How LLMs work

(0xkato.xyz)

75 points | by 0xkato 2 days ago

5 comments

  • andai 1 hour ago
    I couldn't load the article directly due to an SSL issue, so here's the archive link:

    https://archive.ph/aWtFG

  • 10GBps 50 minutes ago
    I learned TCP/IP by watching and reading raw packets over packet radio at 1200 baud.

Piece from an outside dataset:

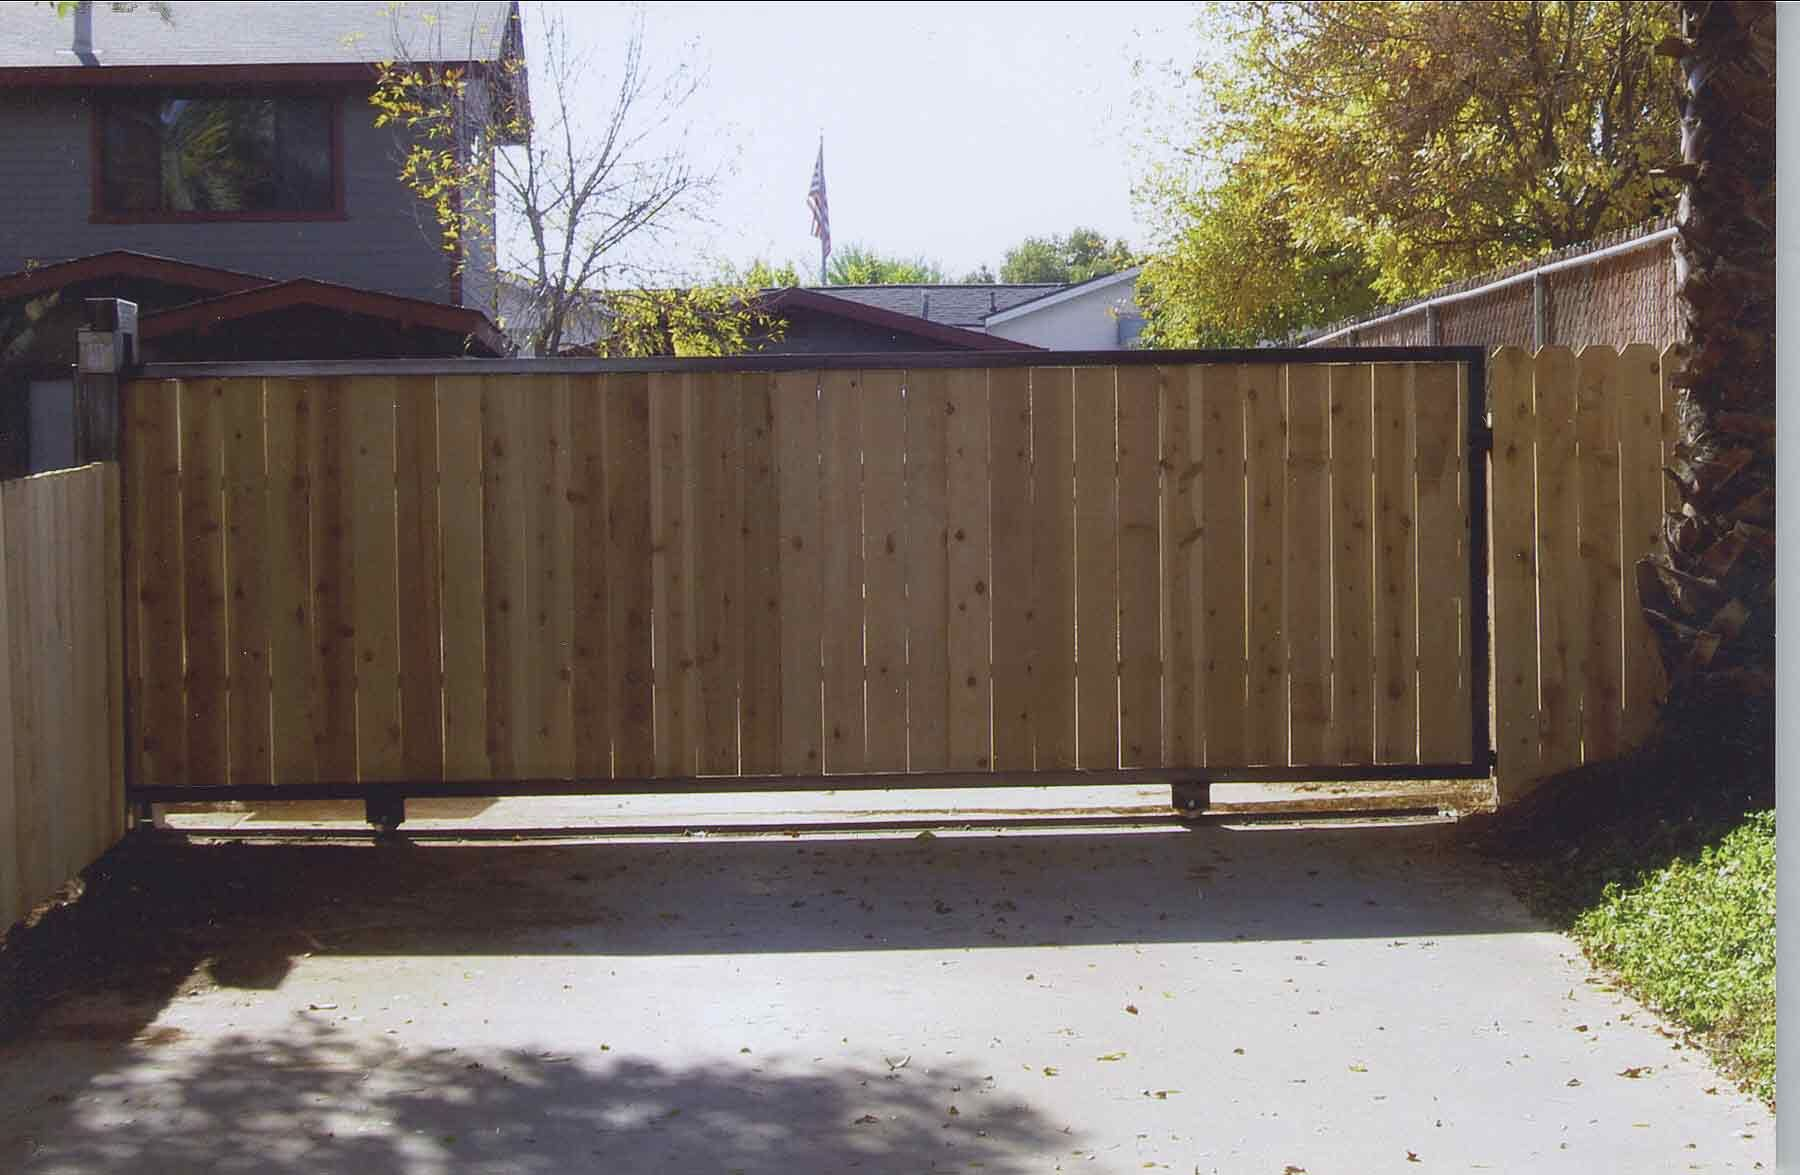 Inexpensive Wood Driveway Gates Miami For Wood Gate Wooden Gates Driveway Driveway Gate Wood Gates Driveway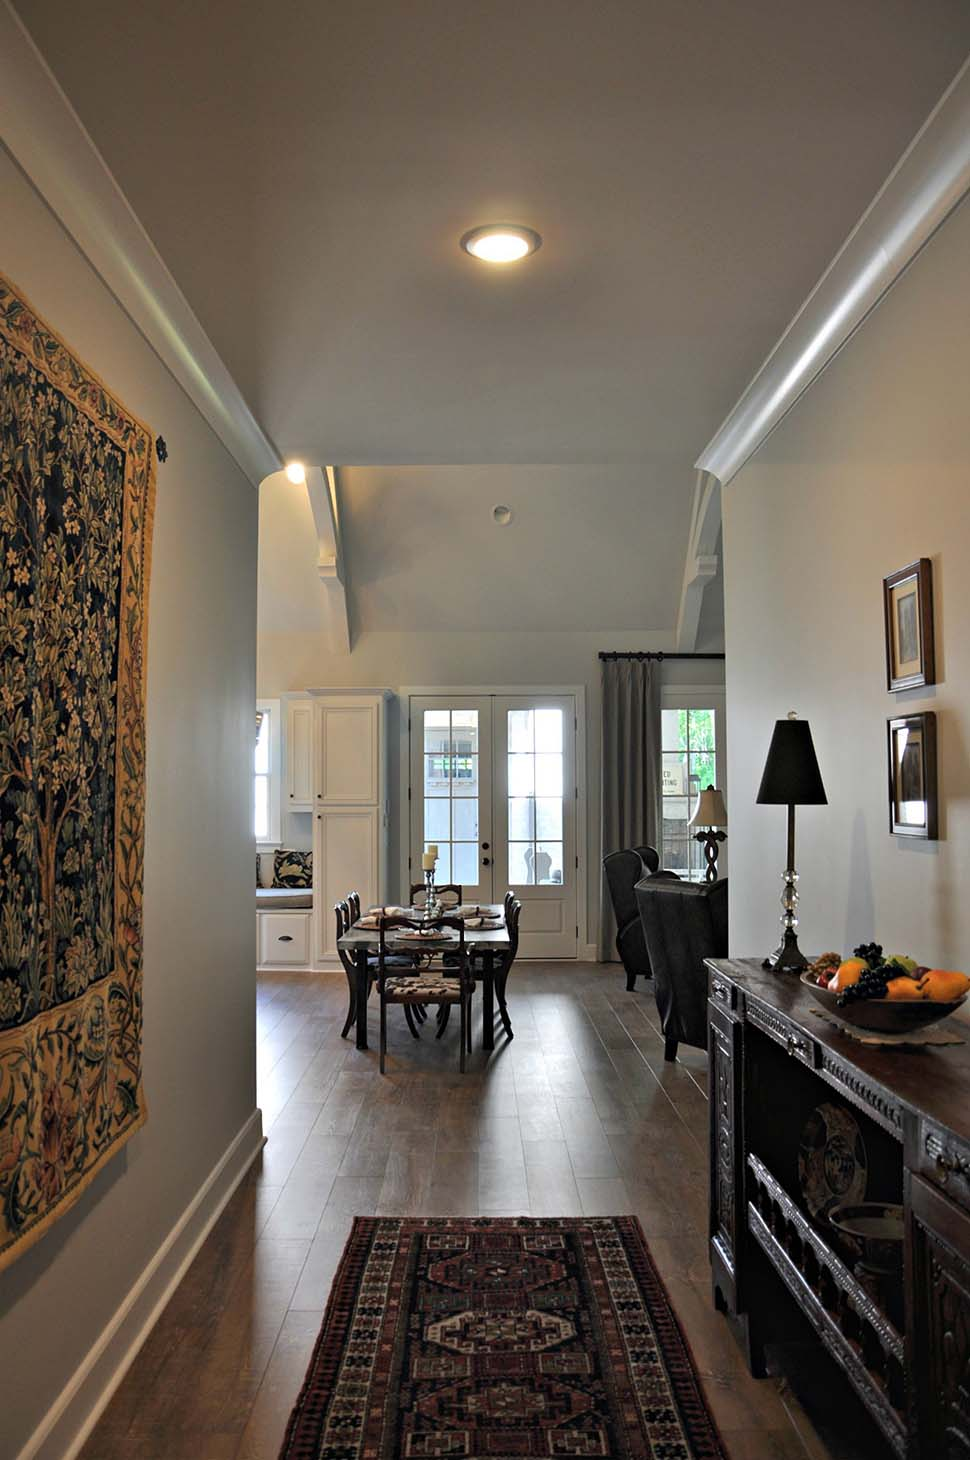 Bungalow, Cottage, Craftsman, European, Tudor House Plan 78516 with 3 Beds, 3 Baths, 2 Car Garage Picture 11

    I've noticed the same thing is possible if you watch the output of a slow LLM. Eventually you start to see the machinery. input tokens = output tokens, it's math. I can't exactly predict the tokens generated but I can see how they are formed. It's a lot like chess. You can't see every possible move but the mechanism is understandable.

  • lhd1 24 minutes ago
    find it difficult to engage with AI generated text. What am I getting here that I couldn't get from a chatbot.
  • singpolyma3 1 hour ago
    Next do "why LLMs work"
    • sheeshkebab 1 hour ago
      considering they work with any architecture/configuration given enough compute, just more or less efficiently - then maybe it's fundamental, in the same sense as why electricity works...
    • soupspaces 1 hour ago
      Universal approximation theorem, embeddings, self-attention, gradient descent. And empirically, scaling laws.
    • skydhash 40 minutes ago
      Why does linear regression works? Why does computer works? Because it's about math and the encoding information. If we can encode words as numbers, then why can't we encode their order as a relation? It's just that neural networks are very apt at finding that relation even if it's noisy.